Joke jokes
What do you call a cow that eats grass?
A lawn mooer.
What did the toilet paper say to the other toilet paper?
"Hey, check me out! I'm on a roll!" πππ€π€
I have a really good construction joke.
But I'm still working on it.
What do starving kids call Venetian blinds?
Bunk beds.
What do you call a bad piece of wood? Knotty.
You're a joke!
My sis said only garlic and onions can make you cry.
So I threw an orange at her.
So I went to a mall and I was finna buy something... and I saw a little boy and he said "hello," so then I passed by him and he said "hi," and I was like "hi nigga," and he said, "um, just wondering something... I mean I like jokes, but what is dark humor?" And I was like "ummπ€.. it's like π€π€...like you see that guy without legs? Tell him to stand up"... and he said "I'm blind nigga" and I said "exactly homie"... aight nigga peace and look outππ
Remember that you're unique, just like everyone else.
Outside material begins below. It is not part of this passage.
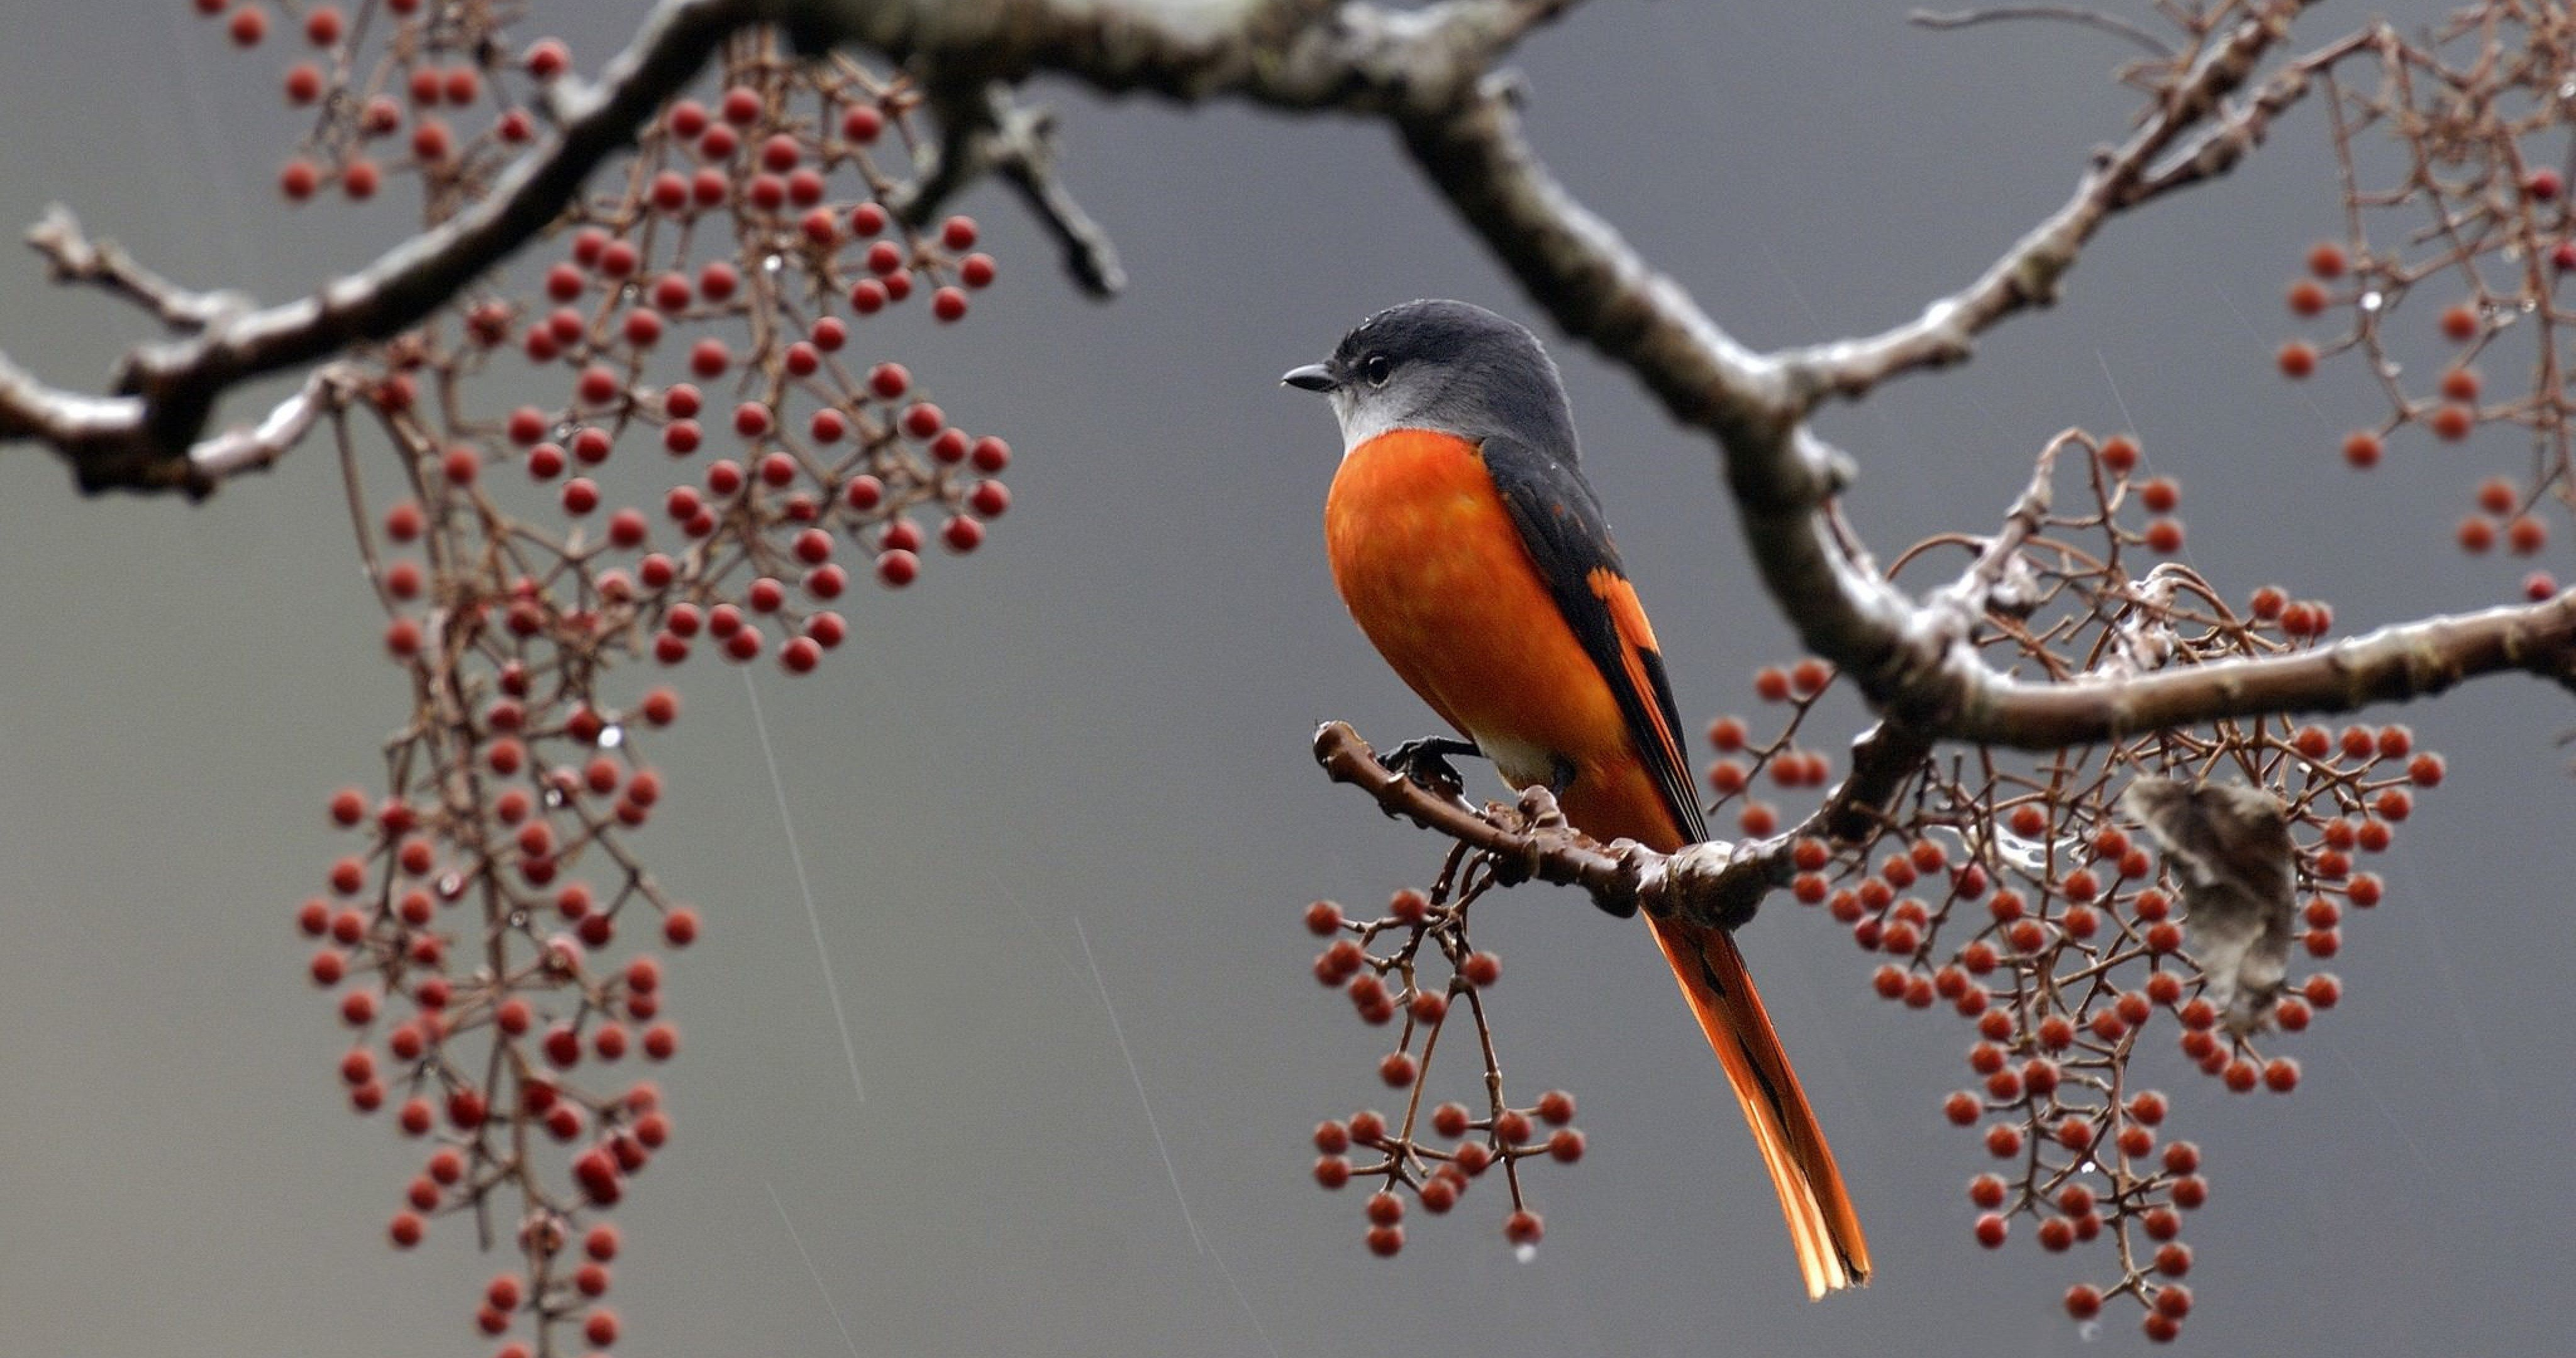 Bird On Branch With Barries 4k Ultra Hd Wallpaper Beautiful Birds Bird Bird On Branch

You wanna hear a suicide joke? Nvm, it didn't make it.
How many dead babies does it take to change a light bulb?
More than five because my basement is still dark.
I painted my dad white so he wouldnβt leave.
Why did the Russian cross the road?
To get to the other side.
What did the man say to his wife, wanna play?
Here is a dark joke for you guys... "Why do pornstars scream, "DADDY!" in their videos? Because they were child molested by their father!"
What are the 3 shortest words in the English language?
βIs It In?β
What is an orphan's favorite flower? Self-raising. π
Me: I'ma sign up to be a clown.
My friend: Why?
Me: Because my life is a joke. π
Why did the orphan call Mr. Smith "daddy"? Because he put her in the vices and taught her a lesson about virginity.
Knock, knock!
"Is that daddy?"
No, but I'm about to be, so get on your knees!